According to the Center for Law and Social Policy (CLASP), “Child care workers are disproportionately people of color, including Black workers at 15.6% compared to 12.1% of the overall workforce and Hispanic workers at 23.6% in this sector, compared to 17.5% of the overall workforce.” Those statistics have deep roots in a history of oppression. In the time of slavery, enslaved black women took care of white children while not being allowed to take care of their own. Post emancipation, domestic work was one of the few options available to Black women. In more recent history, immigrant women often took on caregiving jobs as an entry point into employment, and then stayed to build successful, licensed programs in their own homes or communities. Now, nearly half a million early childhood educators are immigrants. This includes caregivers from countries like Somalia, Cuba, and Venezuela, whose Temporary Protected Status under U.S. immigration law has recently been terminated, so that they no longer have legal work authorization in the United States.

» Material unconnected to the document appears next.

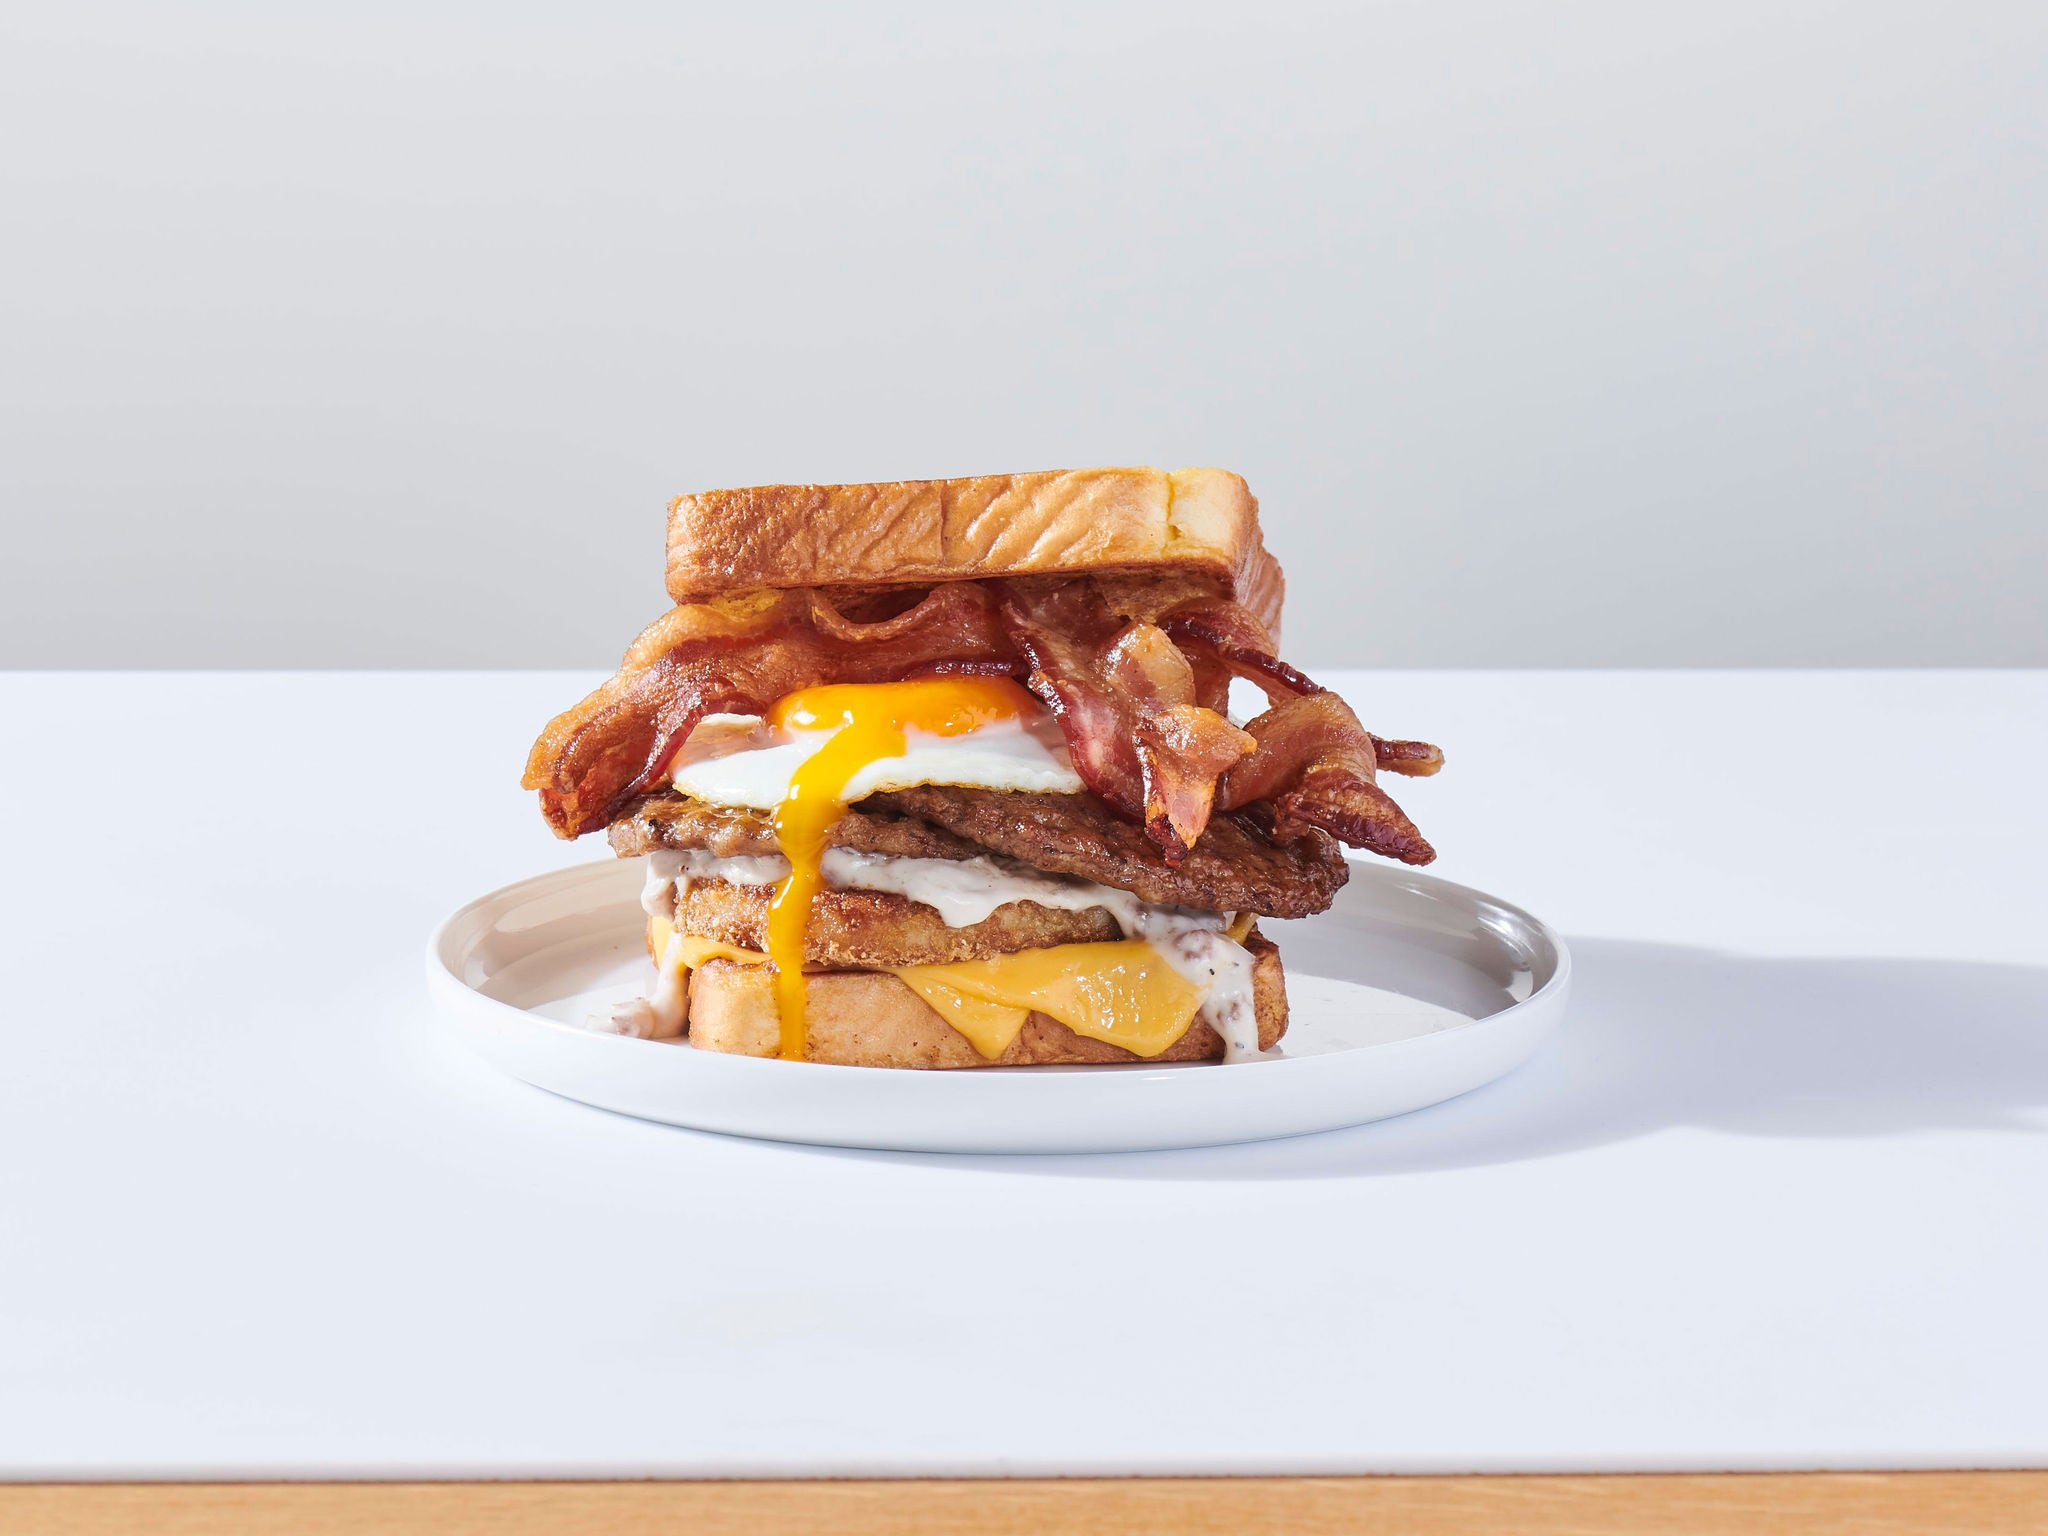 Image of Lumberjack Stack Breakfast Sandwich on a platter.

This month, to honor the labor, wisdom, and courage of Black caregivers, we spoke with Wanda Chandler-Tillman and Octavia Mclaurin, home-based providers in Charlotte, North Carolina and Las Vegas, Nevada, who are standing strong for children, families, and child care providers in the face of unprecedented challenges.
Leading the Way for Home-Based Providers
Wanda Chandler-Tillman has operated her family child care home in North Carolina for almost 28 years–starting in 1997, when, as a young single mom, she was still living with her parents. Eventually, she got married, moved into her own home, and when her daughter graduated high school, Wanda decided it was time to return to college for her associates degree. Learning while still running her childcare business and advocating for home-based childcare has kept her very busy for the past decade. She got the associates degree, then a bachelor’s degree in sociology, a master’s degree in Birth through Kindergarten Interdisciplinary Studies, and is now a doctoral candidate in Educational Leadership at UNC-Chapel Hill!
Families seek out Wanda’s home-based program not just for her academic accolades and work as a consultant and trainer in early childhood education, but also for her great reputation throughout the neighborhood as a care provider. These working families depend on consistent and reliable child care in order to work. Wanda knows she charges less for her services than do many other child care providers, even though her costs, including health insurance premiums through the Affordable Care Act marketplace, have increased substantially this year. “I know that even with a good job and education, child care is expensive, so I try to be fair and also meet the needs of my own household,” she says.
Health insurance is just one of the issues she has raised with the University City Child Care Network (until last month, she was chair of the network), where she works to empower and embolden other child care providers to speak up about policies that make it harder for providers to keep their businesses open and thriving. “State and federal officials need to know that we’re capable, we’re competent, we’re resilient, we’re entrepreneurs. But a lot of us don’t even have health insurance. And we’re worried about recent actions like the freezing of federal funds for child care programs” that resulted from baseless fraud charges against Somali-run programs in Minnesota.
Then, in North Carolina, home-based providers’ reimbursements from the Federal Food Program (CACP), were delayed as a result of the fall 2025 government shut down. “We didn’t get reimbursed for two months, until almost the end of December, and that only affected home-based programs, not centers, so it felt like we were unfairly targeted. That was hard, and we have to feed our children just like centers do, so we need to get fired up about things like that and speak up for ourselves.”
Standing Up for the Rights of Kids with Disabilities
Across the country in Las Vegas, Nevada, Octavia Mclaurin is also standing up for the rights of children and families.
Octavia has 13 children of her own, and has been a licensed early childcare educator operating both centers and a home-based childcare program since 2008. She now lives in Las Vegas, Nevada, where she cares for eight children in her 4-star group home, including one with autism and others with learning disabilities. One of Mclaurin’s superpowers is advocating for families of children with special needs.
One of Octavia’s own children has paraplegia as a result of an accident. Octavia supported him through learning to live with a disability and be successful living independently. Now she helps other parents of children with disabilities “who are dealing with 504 plans or IEPs, so when they go to a conference at the school, they understand what level of education their child should be receiving. I don’t like labeling kids, so when the school says ‘he has this behavior,’ I don’t consider them bad behaviors, I just say they’re misled or misunderstood.”
In her own program, she also teaches children to stand up for themselves and to speak in ways that invite respect and conflict resolution. For example, “If they have a problem with their mom, I teach them to say, ‘Mom, you asked me not to do something, and I’m asking you to explain it to me.’ I do a lot of redirecting, a lot of explaining, a lot of showing, but kids are intelligent and if they can learn to express their feelings and thoughts in words, they can learn how to act respectfully.”
Octavia opens her doors to families of all backgrounds, and knows that what appeals most to families is that they feel comfortable knowing their child is in a safe place, a place where they feel like they are home, and there’s always respect for who that child is, as well as high expectations for them to respect others. “I tell the kids, we have to speak up for ourselves, because if we don’t advocate, then our voices won’t get heard, and everyone deserves to be seen and valued.”
In 2026, when the phrase “diversity, equity, and inclusion” has taken on negative connotations, that’s an important message for all children, families, and child care providers. At Home Grown, and in home-based child care programs, DEI is still a principle to live by: everyone deserves to be fully included and treated fairly, regardless of race or background. By listening to and learning from leaders like Octavia and Wanda, we continue to center community wisdom and move this work forward with purpose and care.